Nearly half the people in England and Wales still believe in ‘common law’ marriage, with many cohabiting couples unaware of the risks they run if their relationship breaks down.
A survey carried out by the National Centre for Social Research and Exeter University found that only four out of 10 people realised that cohabitation does not automatically confer the same legal rights as marriage.
Ironically, the confusion was even higher among cohabiting couples with children, with more than half believing that common law marriage existed and gave them legal protection.
Unfortunately, this is not the case. Under current law it’s possible to live with someone for decades and even have children together and then simply walk away without taking any responsibility for a former partner if the relationship breaks down.
This has led many lawyers and campaigners to demand more rights for cohabiting couples but so far, the government has refused to act.

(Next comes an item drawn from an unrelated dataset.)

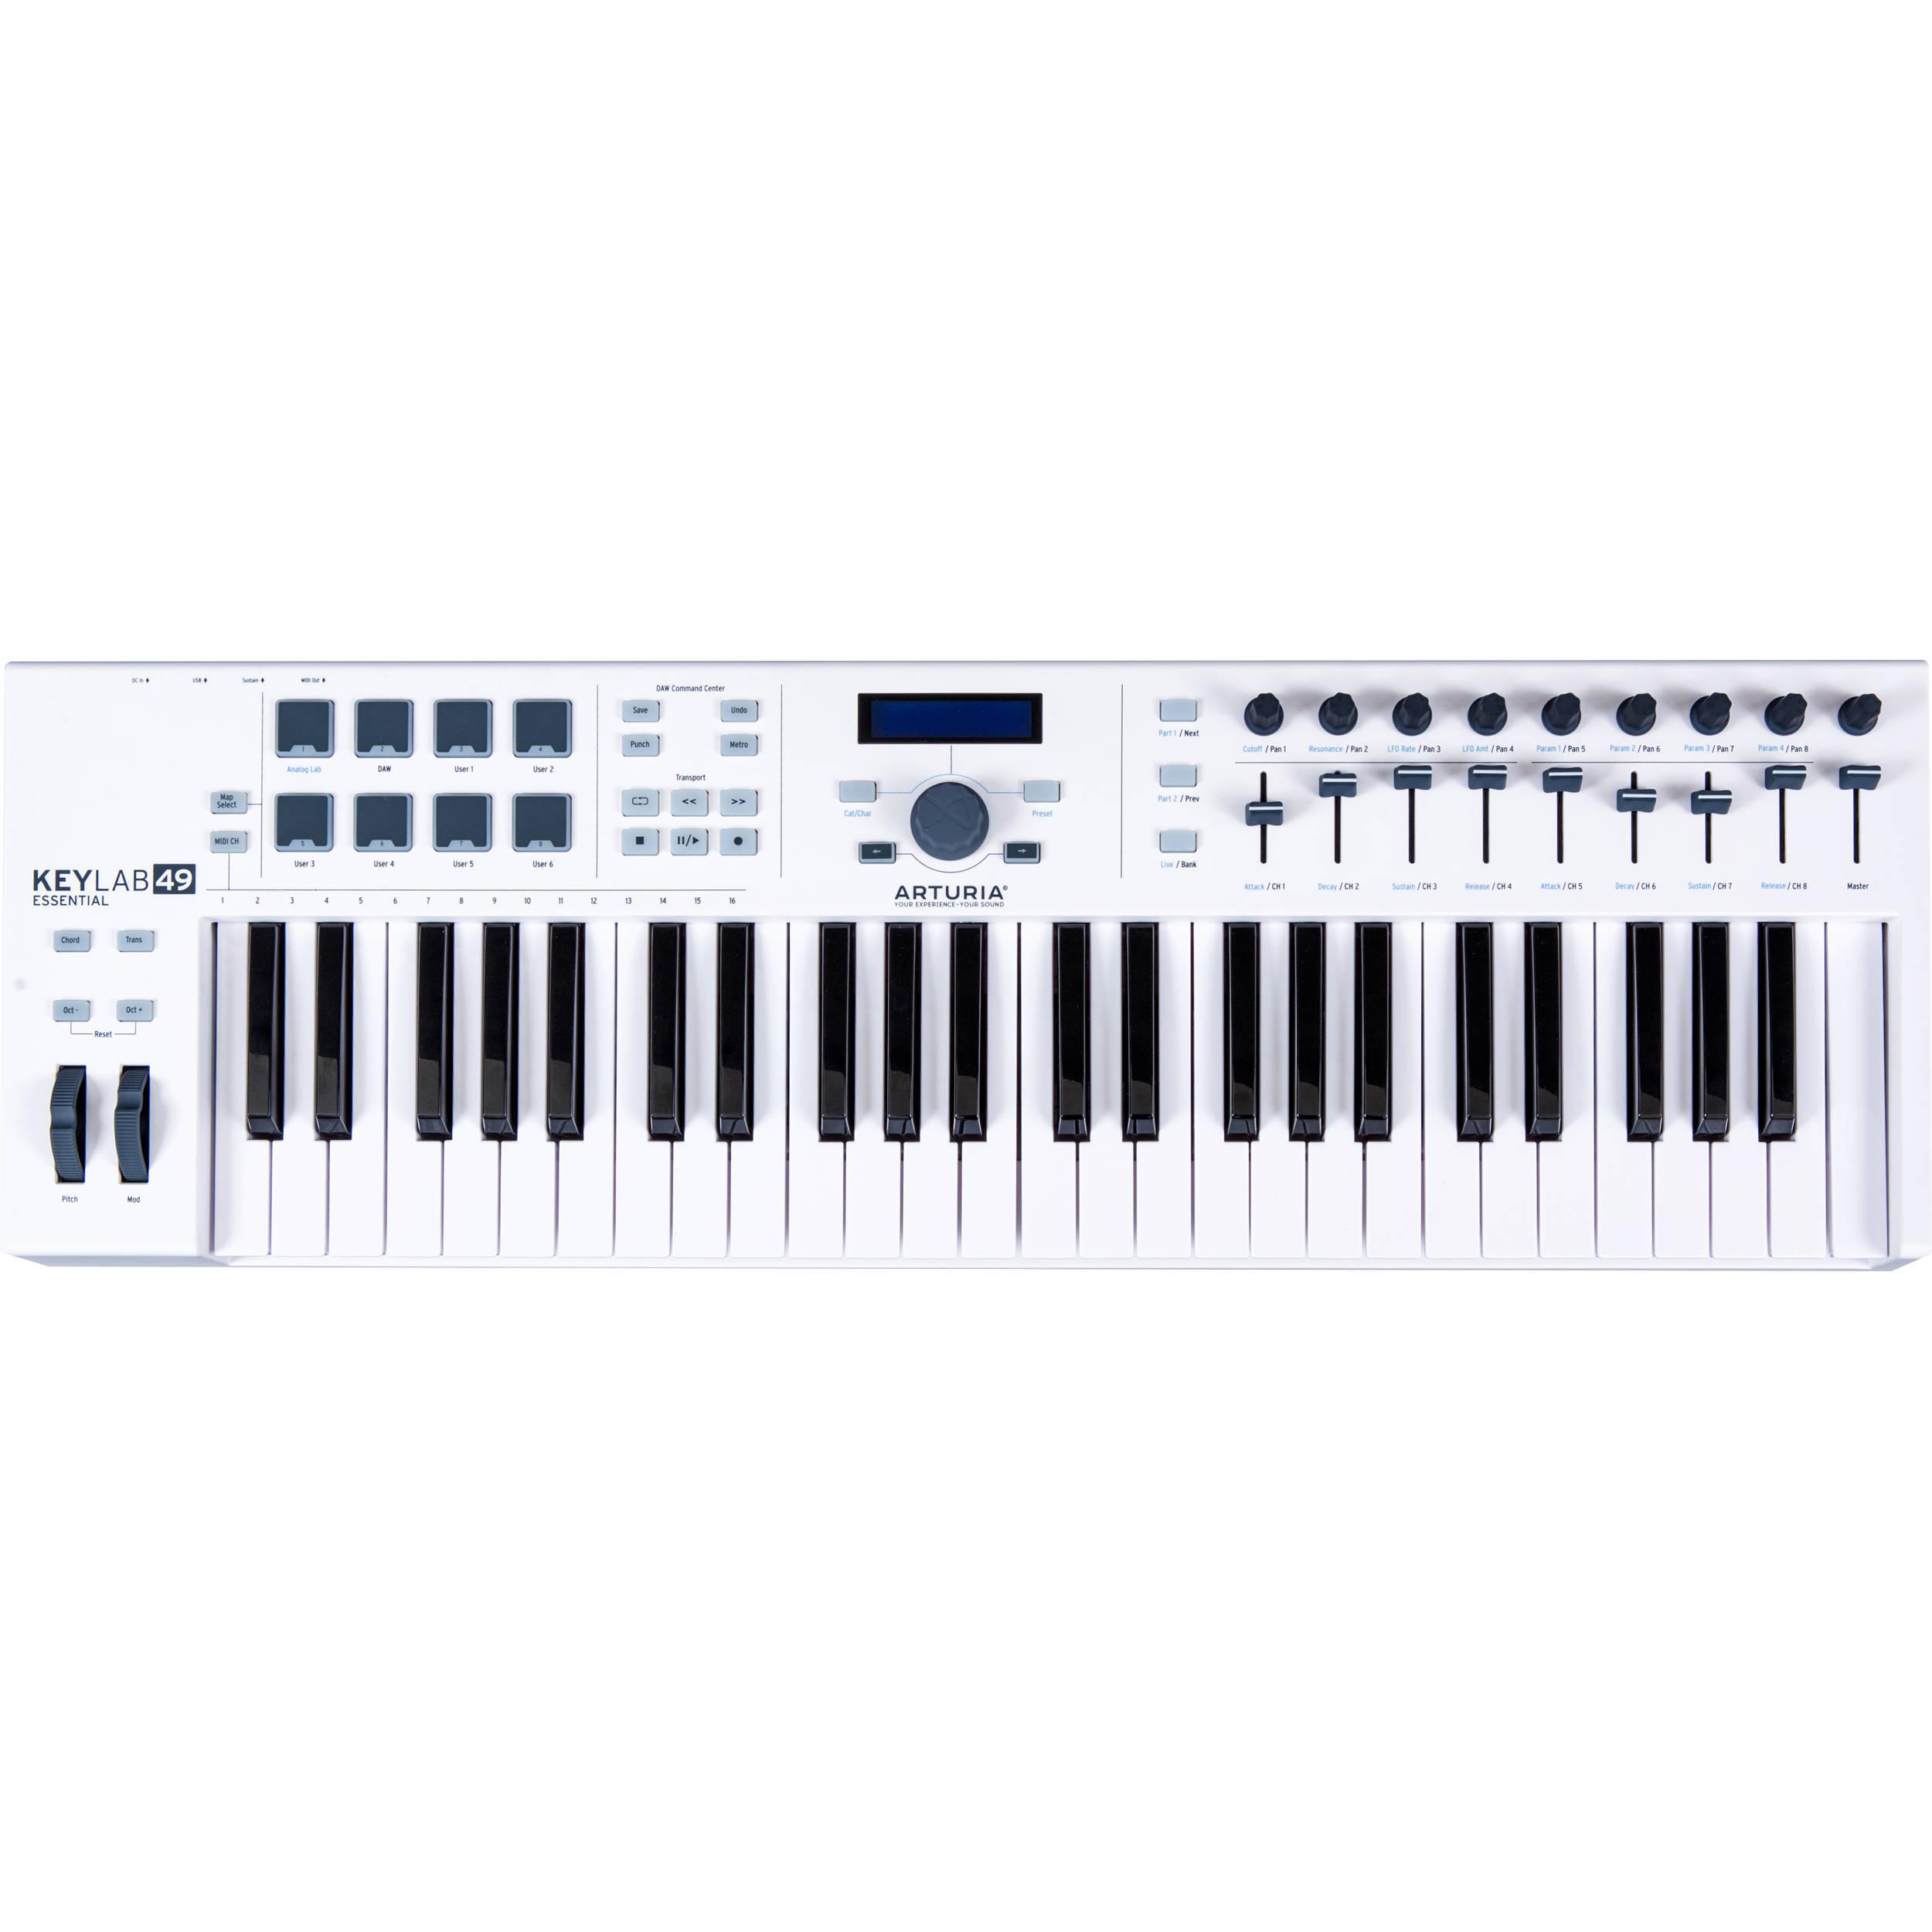 Arturia KeyLab Essential 49 - Universal MIDI Controller and Software (White)

In the absence of any automatic legal protection, many couples draw up living together agreements that state in advance how their assets should be divided if their relationship fails. A few years ago, the government started a campaign urging couples to draw up such agreements to cover things like finances, property and pensions.

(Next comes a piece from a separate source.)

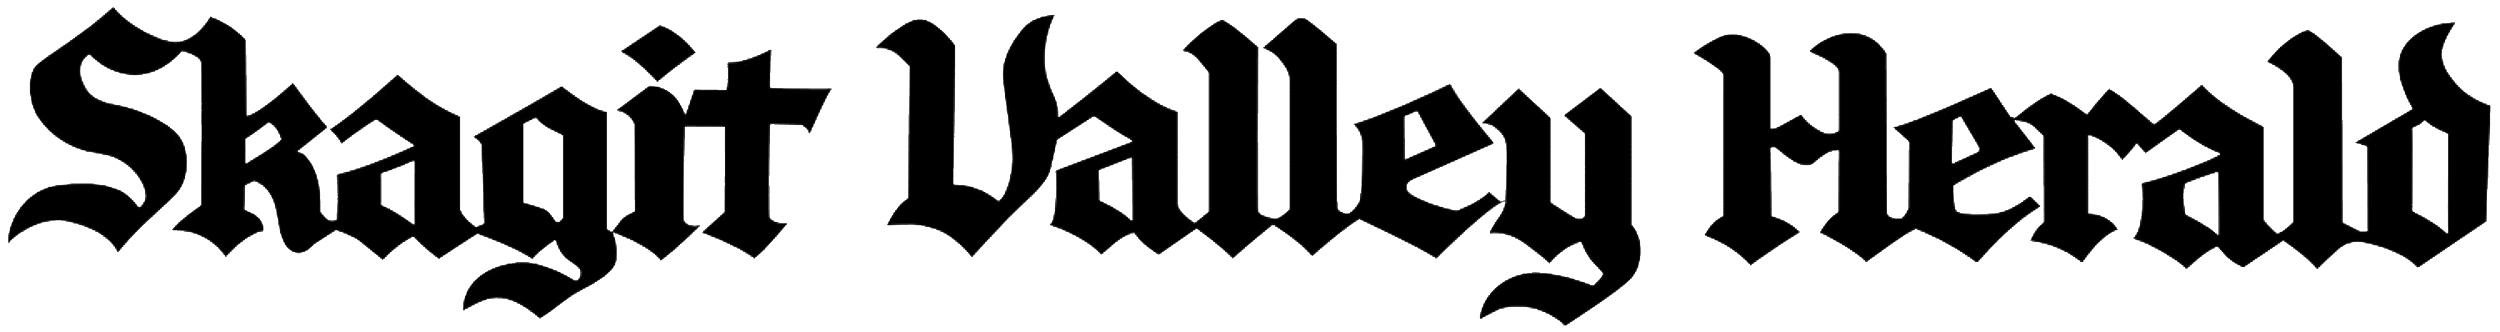 Skagit_Valley_Herald_logo_black.png

Ownership of the family home is one of the most important issues. If it is in just one person’s name, then the other partner could lose out. You may want to consider owning it as joint tenants or tenants in common which will make a huge difference to your rights.
If you don’t already have a will then you should draw one up as soon as possible. Otherwise your estate could pass to your relatives rather than your partner.

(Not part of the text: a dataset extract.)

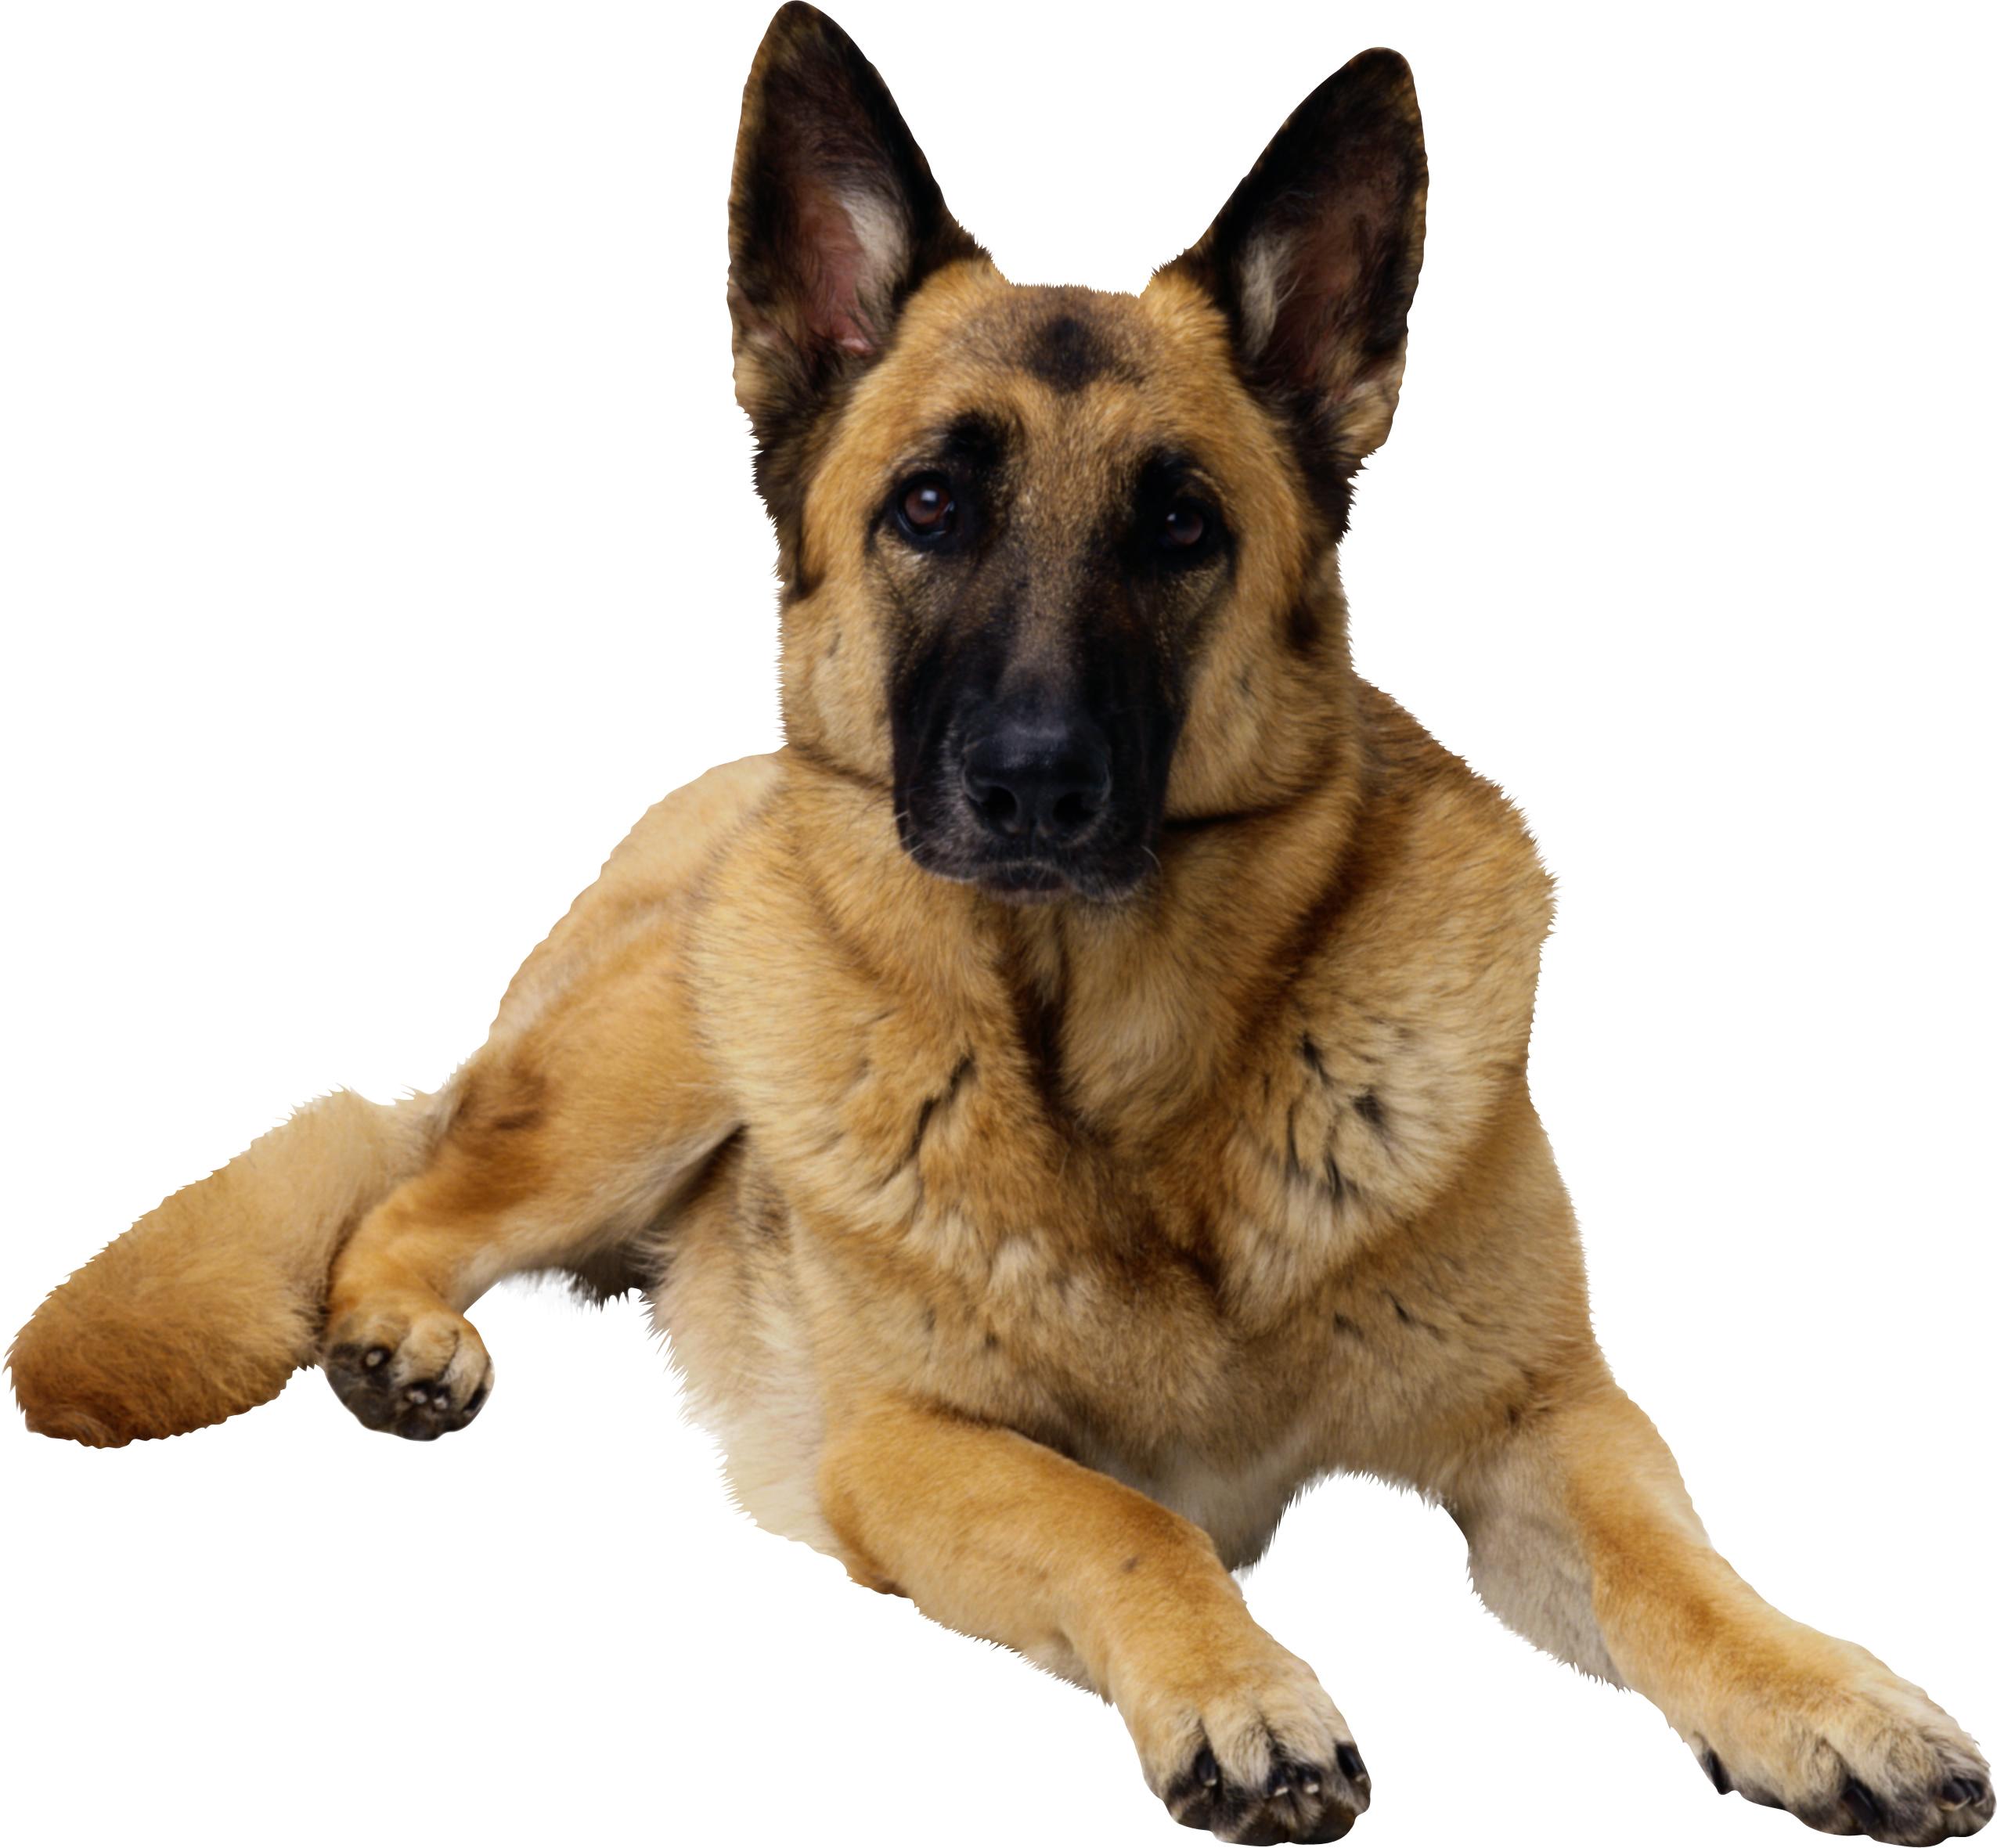 собака, фото, обои, овчарка, для рабочего стола

Unmarried fathers don’t automatically have parental responsibility for their children, but they can acquire it with the agreement of the mother or by applying to a court. It is clearly better to deal with the matter while your relationship is strong rather than wait until after it has broken down.
Some people may feel embarrassed at first to be making such legal arrangements as it seems that they don’t fully trust each other. However, such concerns soon disappear, and most couples end up feeling their relationship is stronger because both partners feel more secure.
Anne Barlow, a law professor at Exeter University, said: “Cohabiting couples now account for the fastest growing type of household and the number of opposite-sex cohabiting couple families with dependent children has more than doubled in the last decade.
“Yet while people’s attitudes towards marriage and cohabitation have shifted, policy has failed to keep up with the times. The result is often severe financial hardship for the more vulnerable party in the event of separation, such as women who have interrupted their career to raise children.
“Therefore, it’s absolutely crucial that we raise awareness of the difference between cohabitation, civil partnership and marriage and any differences in rights that come with each.”